It depends on the memory technology whether ultimately 8 switches will flip or an entire row of multiple kilobytes will be rewritten. For us software people it is nothing to worry about, we just want to know how quick we can write that logical byte. And maybe how that will play out if we write a lot of bytes, random or sequentially.

So the answer is you cannot know what exactly goes on at the hardware level and for your own sanity you should not care too much.

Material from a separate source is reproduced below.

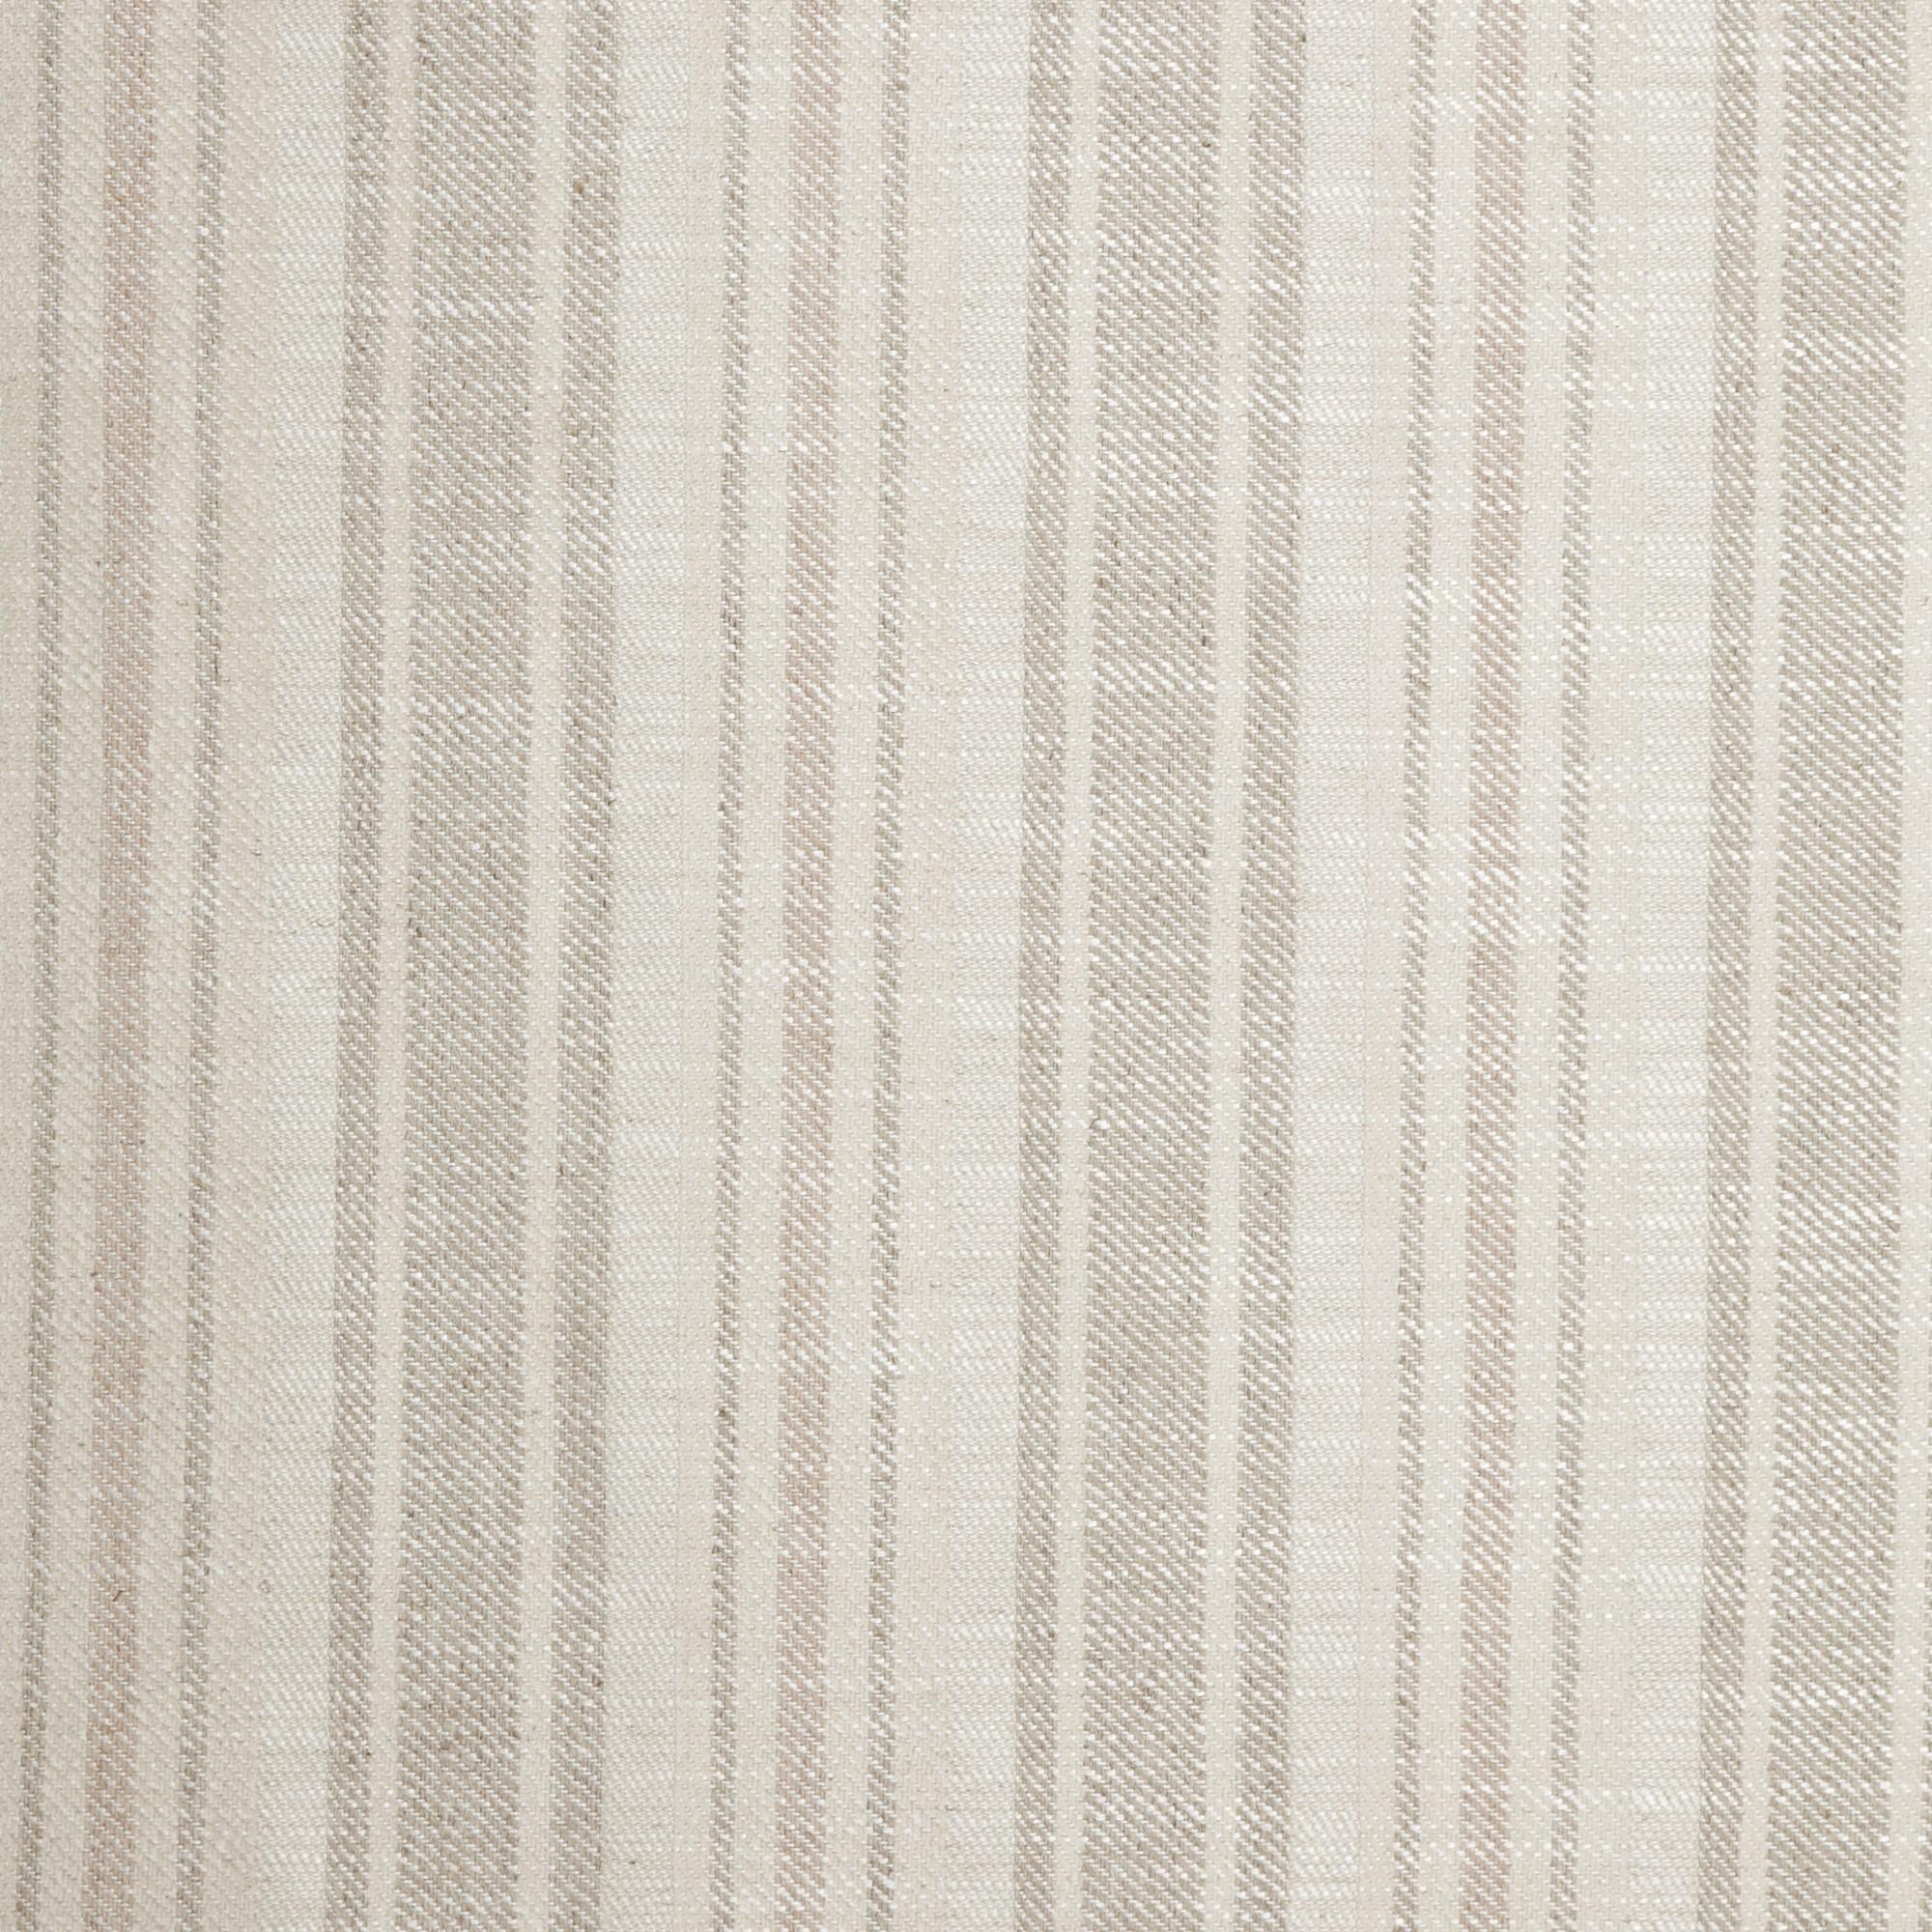 John Lewis Leckford Woven Jacquard Fabric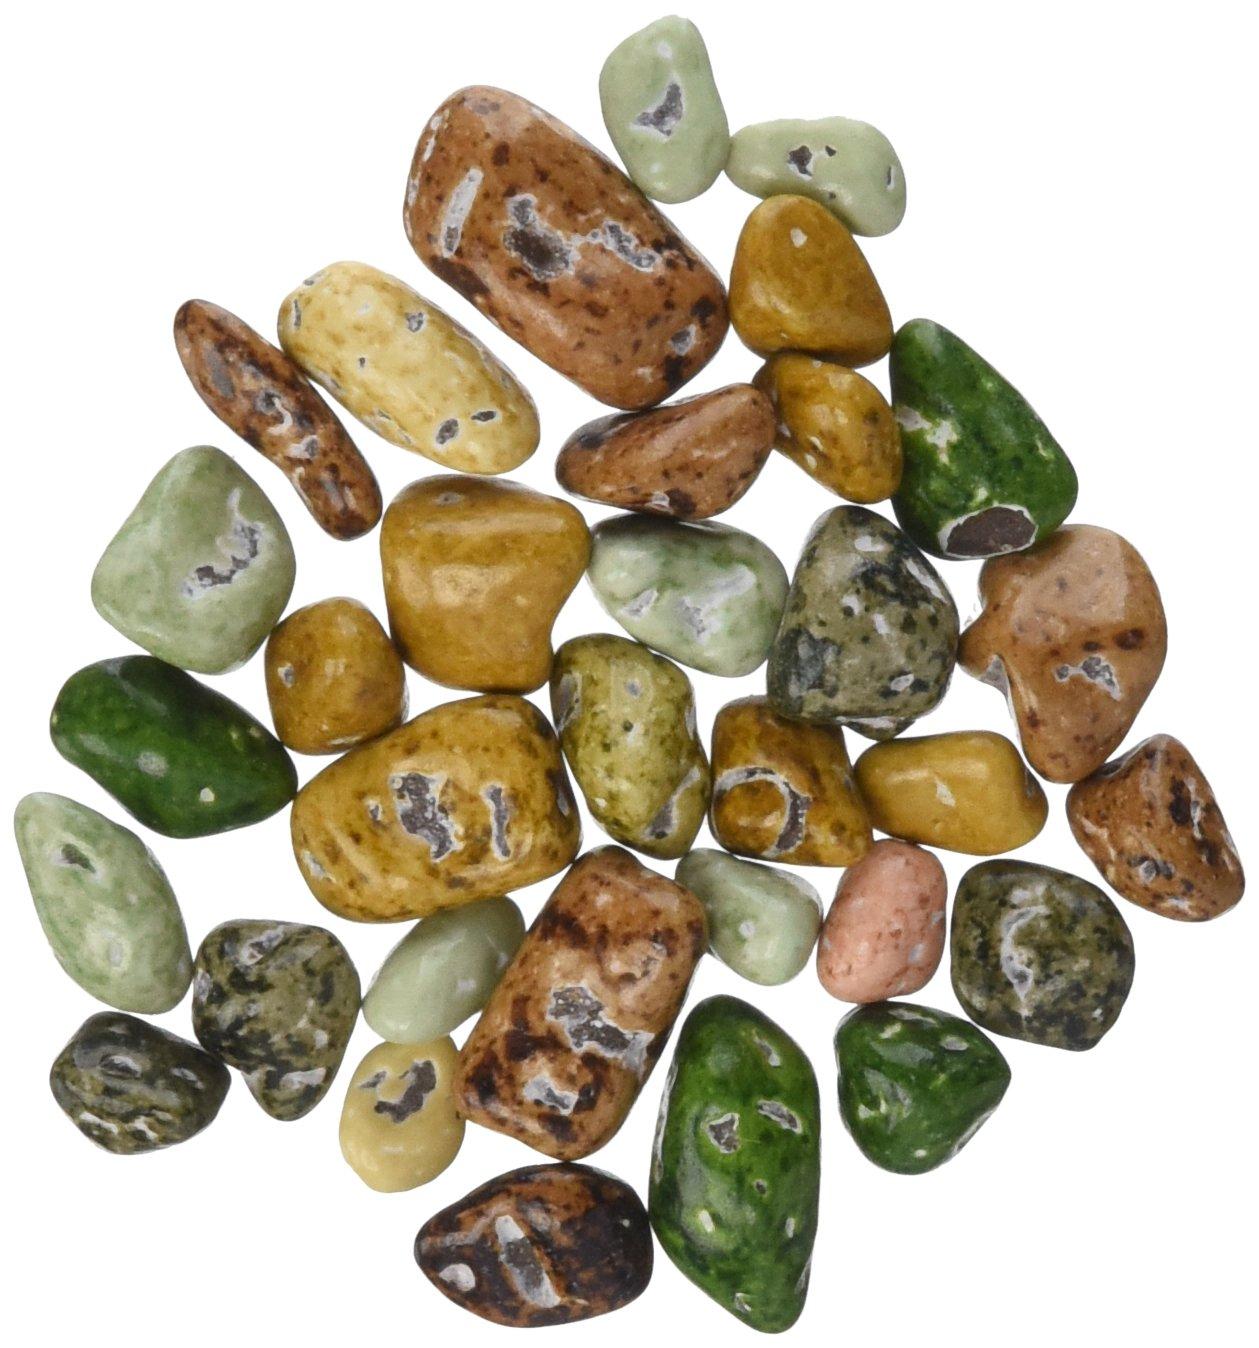 Amazon.com : Chocolate River Rocks (1lb Bag) : Grocery & Gourmet Food

  • Thank you, I totally understand it. My point is if I want to update single byte, is it possible in byte addresable RAM? Or CPU will update the whole word which contains my byte? If CPU can update single byte, than it make a lot of sence why we use byte addressable RAM. But if not, what the reason behind it? I mean in word addressable RAM CPU reads and updates the whole word. So if CPU can not work with single byte, therefore it do exactly the same thing as byte addressable RAM.
    – No Name QA
    Mar 14, 2020 at 11:55
  • @No Name QA We use byte addressable memory partly because of legacy reasons. A byte is the smallest useful power of 2 in western culture so when bits still were expensive that is what was modeled and turned into physical memory. The CPU does not read every byte/word before it is written by the way. Mar 14, 2020 at 12:01
  • Please take a look at my original question, I have updated it.
    – No Name QA
    Mar 14, 2020 at 12:45
  • Although they are hard to find now days, surely you are not aware of 4-bit CPUs? And if you want to go even more extreme there is bit-slicing.
    – Peter M
    Mar 14, 2020 at 22:57
  • @Peter M I am aware of this legendary thing which is widely recognized as the first microprocessor but it was a short-lived step-up to 8 bits and we are still using 8 bits today. So it did not seem relevant to the question. spectrum.ieee.org/tech-history/silicon-revolution/… Fun fact: if you look at the picture you can tell in the old days they used to make microprocessors out of wood. Mar 15, 2020 at 6:55

Note: This is not a full answer. This is intended to introduce a mental framework to help anyone parse the existing varied answers to this questions.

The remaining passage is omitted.